DATE: December 20, 2017

SNIP: In this age of climate change, we naturally train our attention on all the fossil fuels being combusted for human use — but scientists have long known that what’s happening is also all about the land.

Just as buried fossil fuels are filled with carbon from ancient plant and animal life, so too are living trees and vegetation on Earth’s surface today. Razing forests or plowing grasslands puts carbon in the atmosphere just like burning fossil fuels does.

Now, new research provides a surprisingly large estimate of just how consequential our treatment of land surfaces and vegetation has been for the planet and its atmosphere. If true, it’s a finding that could shape not only our response to climate change, but our understanding of ourselves as agents of planetary transformation.

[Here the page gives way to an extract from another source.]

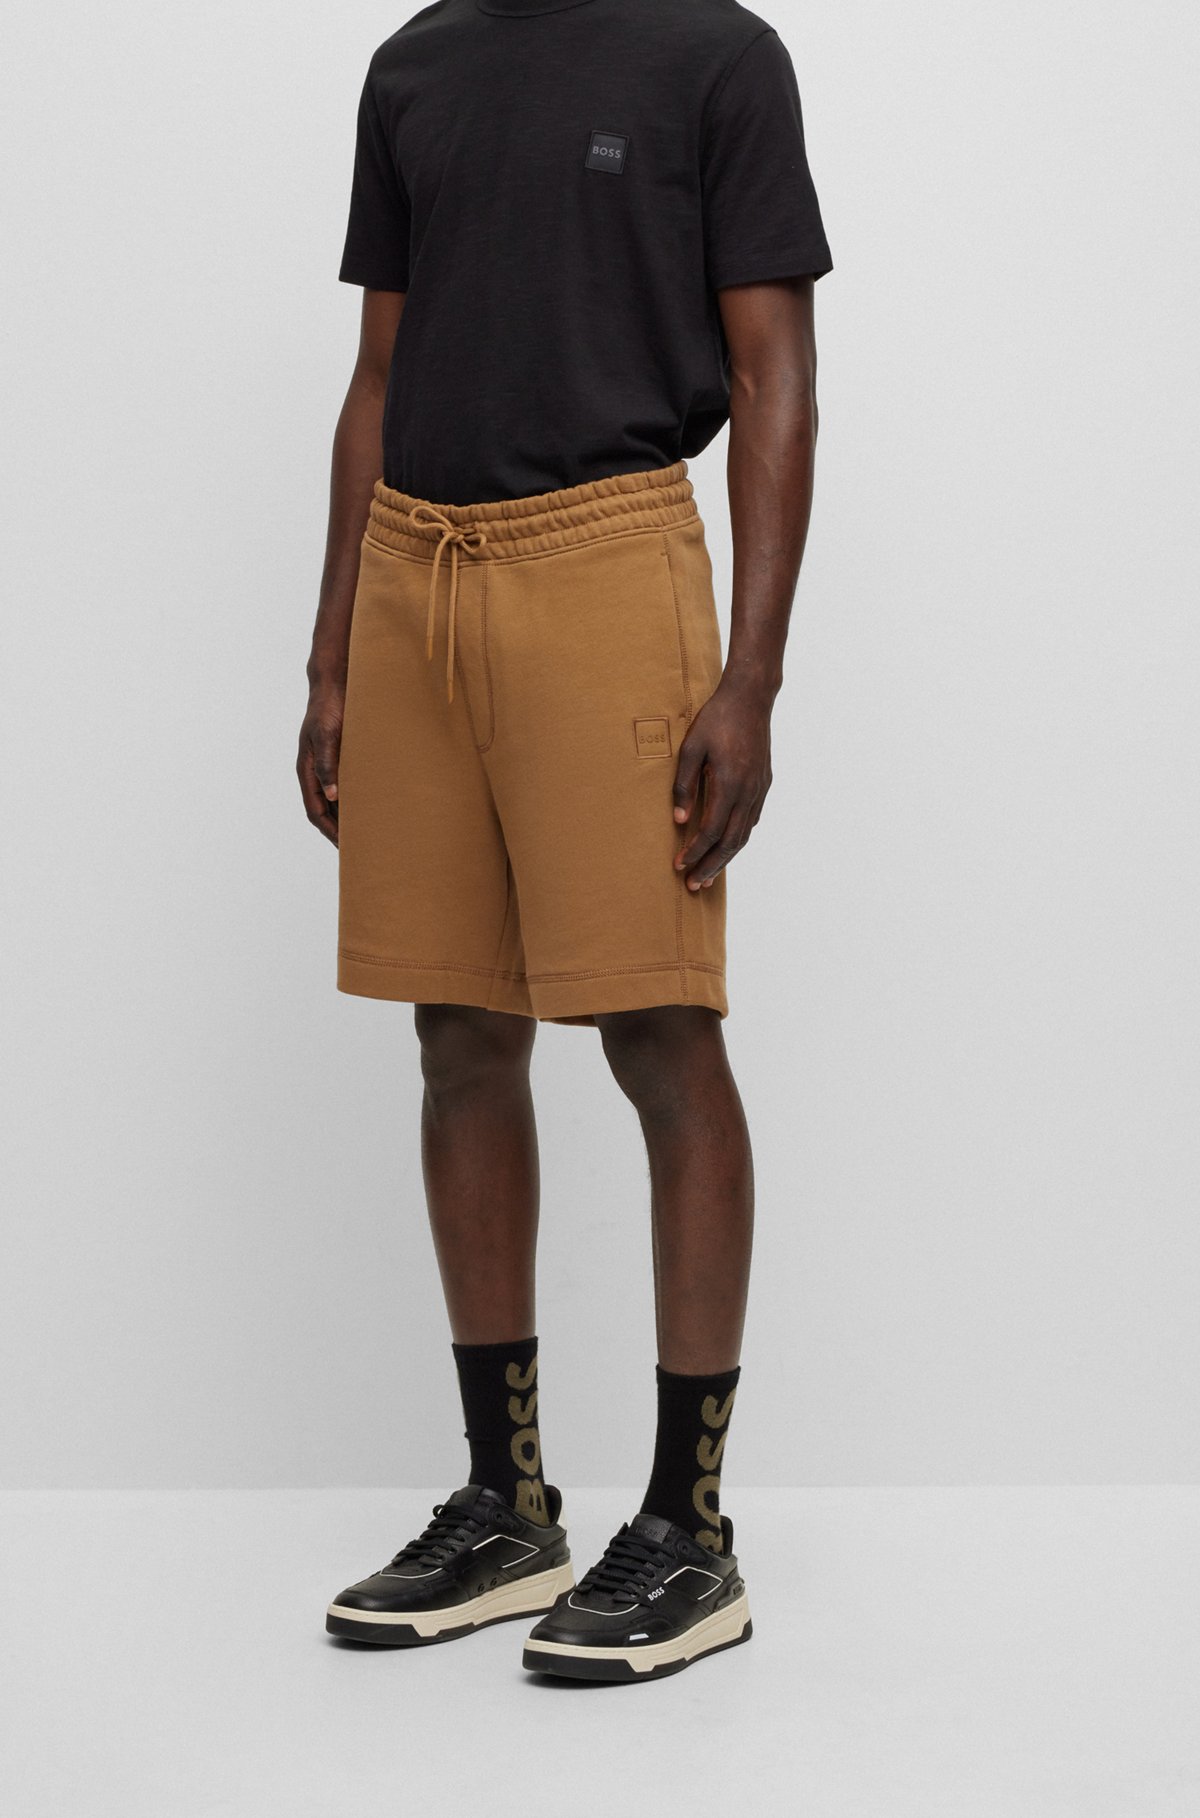 Drawstring shorts in French terry cotton with logo patch, Brown

Using a series of detailed maps derived from satellite information and other types of ecological measurements, Karl-Heinz Erb, the lead study author, and his colleagues estimated how much carbon is contained in Earth’s current vegetation. The number is massive: 450 billion tons of carbon, which, if it were to somehow arrive in the atmosphere as carbon dioxide, would amount to over a trillion tons of the gas.

But the study also presented an even larger and perhaps more consequential number: 916 billion tons. That’s the amount of carbon, the research calculated, that could reside in the world’s vegetation — so not in the atmosphere — if humans somehow entirely ceased all uses of land and allowed it to return to its natural state. The inference is that current human use of land is responsible for roughly halving the potential storage of carbon by that land.

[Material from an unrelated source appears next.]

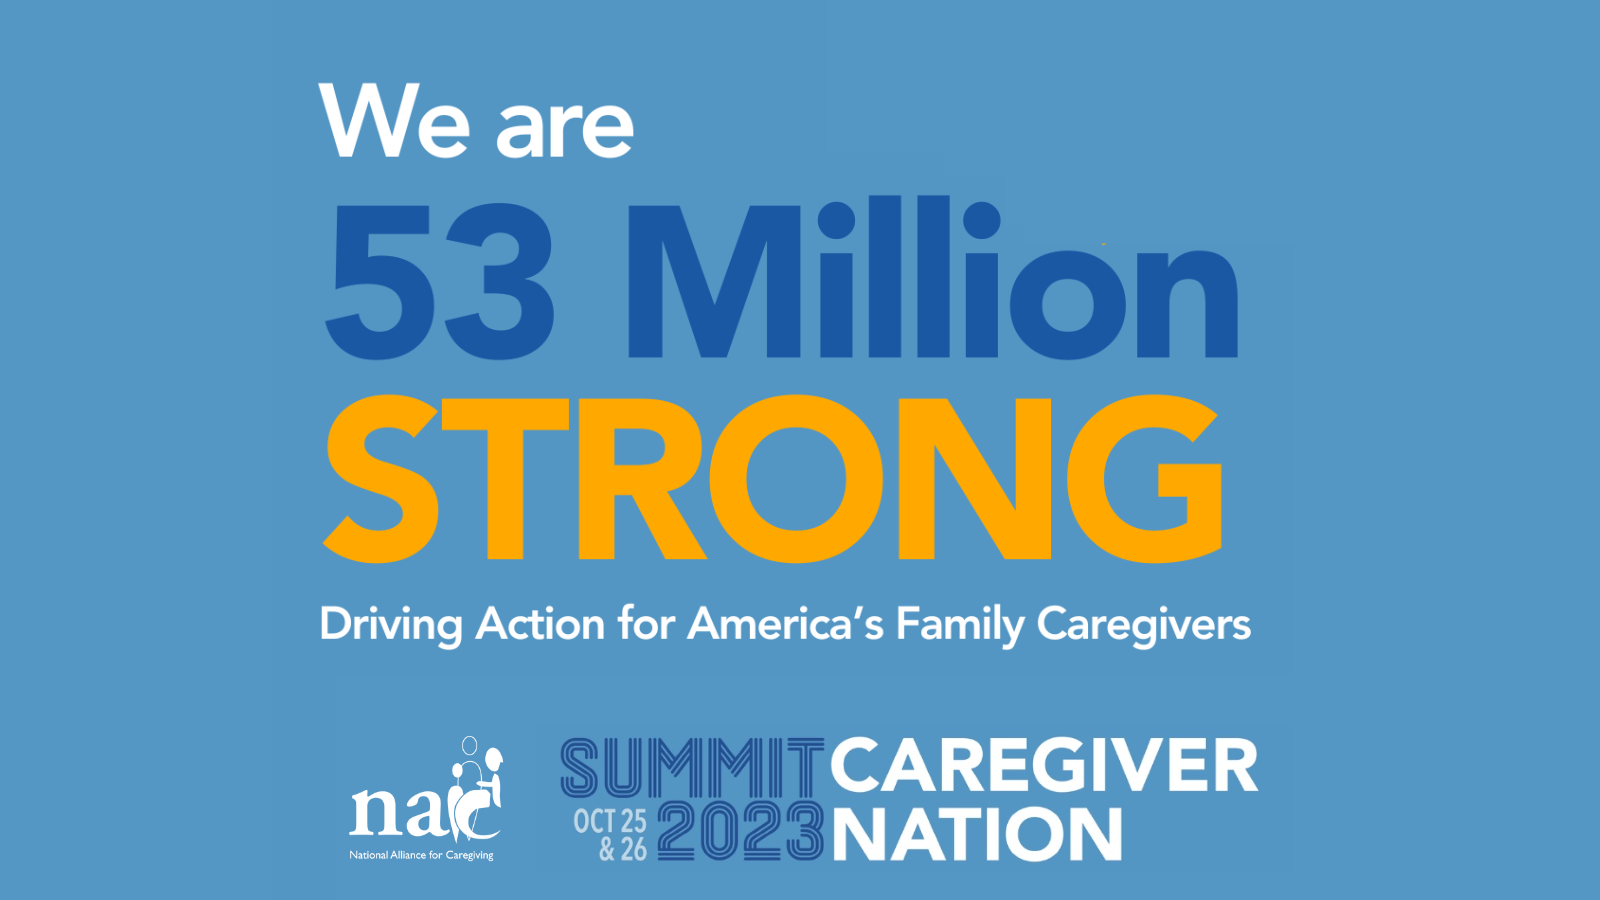 Caregiver Nation Summit Drives Action for Family Caregivers on Capitol Hill

The impact calculation is so large because humans have done far more than just bring about deforestation, which Erb said accounts for about half of the loss of potential vegetation.

“Half of this effect, half of this halving, is already well described,” he said. “This is the deforestation signal. But the other half, in most studies, is completely missing.”

The study found that there are two far-less-recognized components of how humans have subtracted from Earth’s potential vegetation — and that in combination they are just as substantial as deforestation. Those are large-scale grazing and other uses of grasslands, as well as forest “management.” With the latter, many trees and other types of vegetation are subtracted from forests — often the larger and older trees due to logging — but the forests as a whole don’t disappear. They’re just highly thinned out.

“This effect is quite massive, more massive than we expected actually,” Erb said.